Os problemas surgem, entretanto, na aplicação desta norma aos diversos casos. Especialmente quanto à não observância dos parâmetros constitucionais e à configuração do ato administrativo de improbidade.

A lei de improbidade é inegavelmente um marco no direito público brasileiro. Seu papel é repreender um dado tipo de conduta dos agentes públicos que tenha por conseqüência (a) gerar enriquecimento ilícito, (b) causar prejuízo ao erário, ou (c) atentar contra os princípios da administração pública. Tais condutas, entretanto, não são prévia e exaustivamente definidas pela lei de improbidade, que não traz, em seus arts. 9º, 10 e 11, respectivamente, o rol dos atos administrativos que podem levar à aplicação das sanções lá previstas. Nem poderia, aliás, diante da diversidade de situações do mundo fático. Ao contrário, a lei descreve situações que podem ser concretizadas por um número infinito de condutas, restando em aberto muitos questionamentos: quando é que esses atos se transmudam em improbidade, se existem parâmetros seguros para apartar as ilegalidades das improbidades, se a culpa é elemento da improbidade, e assim por diante.

Estes e muitos outros questionamentos atormentam o profissional do direito que se dedica a estudar a lei de improbidade. A lei 8.429/92 está voltada à responsabilização do agente público por danos causados à coisa pública, tema que até bem pouco tempo não era recorrente nos assuntos próprios do direito administrativo. Este ramo do direito se dedicou ao desenvolvimento da teoria objetiva da responsabilidade, pouco considerando sobre a forma como o Estado recobra os danos de seus agentes. Também foi objeto de longas linhas pelos estudiosos o tema da responsabilidade disciplinar e da responsabilidade penal dos agentes públicos, mas nenhuma das considerações lá desenvolvidas serve para o estudo do ato de improbidade, cujo regime constitucional, normatizado na lei 8.429/92, é bastante peculiar e recente. A novidade está em Page 3 estudar o tema da responsabilidade dos agentes públicos a partir do prisma da improbidade administrativa, sendo este o diferenciados na matéria.

De fato, a lei de improbidade não diz quais atos administrativos são de improbidade. O que a norma faz é estabelecer alguns parâmetros casuísticos para auxiliar na identificação da improbidade de um ato jurídico. Para tal finalidade, limita-se a descrever comportamentos em seus arts. 9º, 10 e 11, os quais não se confundem entre si, e que podem ser concretizados por uma infinidade de atos e omissões administrativas.
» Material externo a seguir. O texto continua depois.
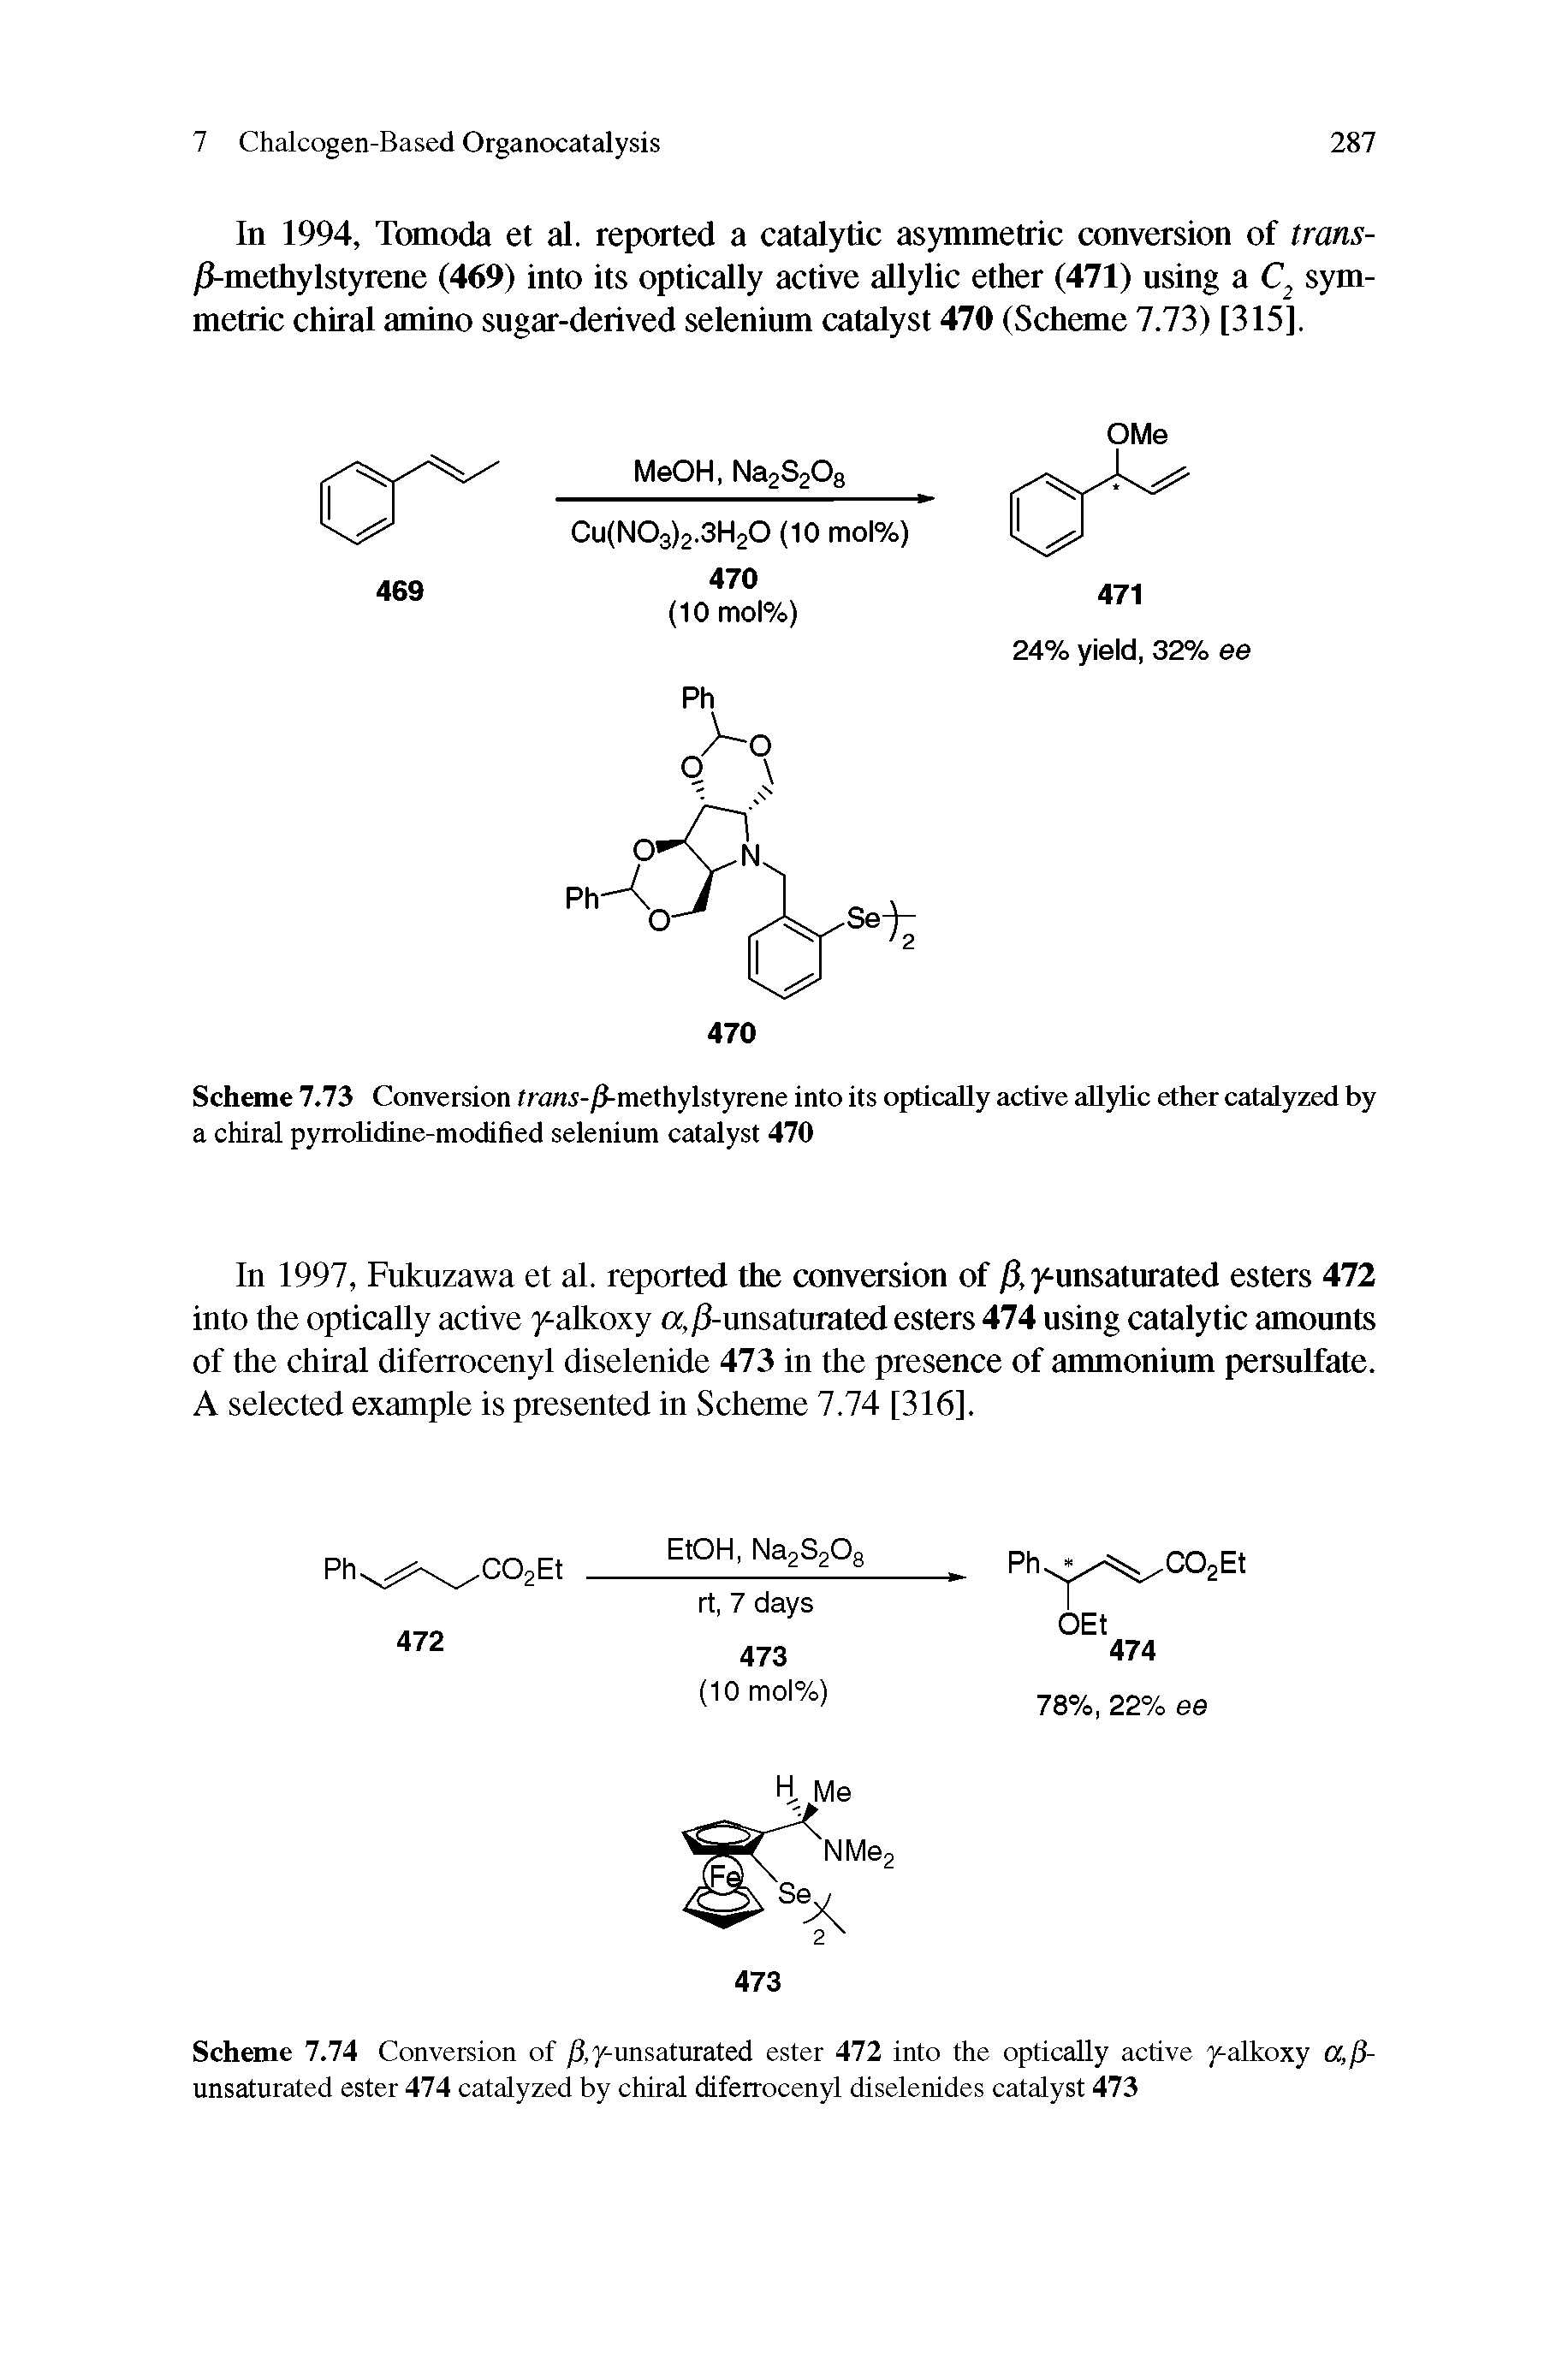 Scheme 7.74 Conversion of /J,y-unsaturated ester 472 into the optically active y-alkoxy a,ji-unsaturated ester 474 catalyzed by chiral diferrocenyl diselenides catalyst 473...

O que se questiona é se basta a ocorrência fática desses comportamentos para que haja um ato de improbidade. Mais: quais os elementos que concorrem para a existência deste específico tipo de ato administrativo, de forma a possibilitar a aplicação das conseqüências sancionatórias previstas na lei.

Em primeiro lugar, o ato deve ser ilegal e importar em violação de alguma das modalidades dos arts. 9º, 10 e 11 da lei, para que possa ser rotulado de ato administrativo de improbidade. É dizer, são modalidades de improbidade: (a) uma ilegalidade que importe em enriquecimento ilícito (art. 9º); (b) uma ilegalidade que importe em lesão ao erário e desde que haja benefício de alguém (art. 10); ou (c) atentar contra os princípios da administração pública, entre eles a honestidade, imparcialidade, legalidade e lealdade (art. 11).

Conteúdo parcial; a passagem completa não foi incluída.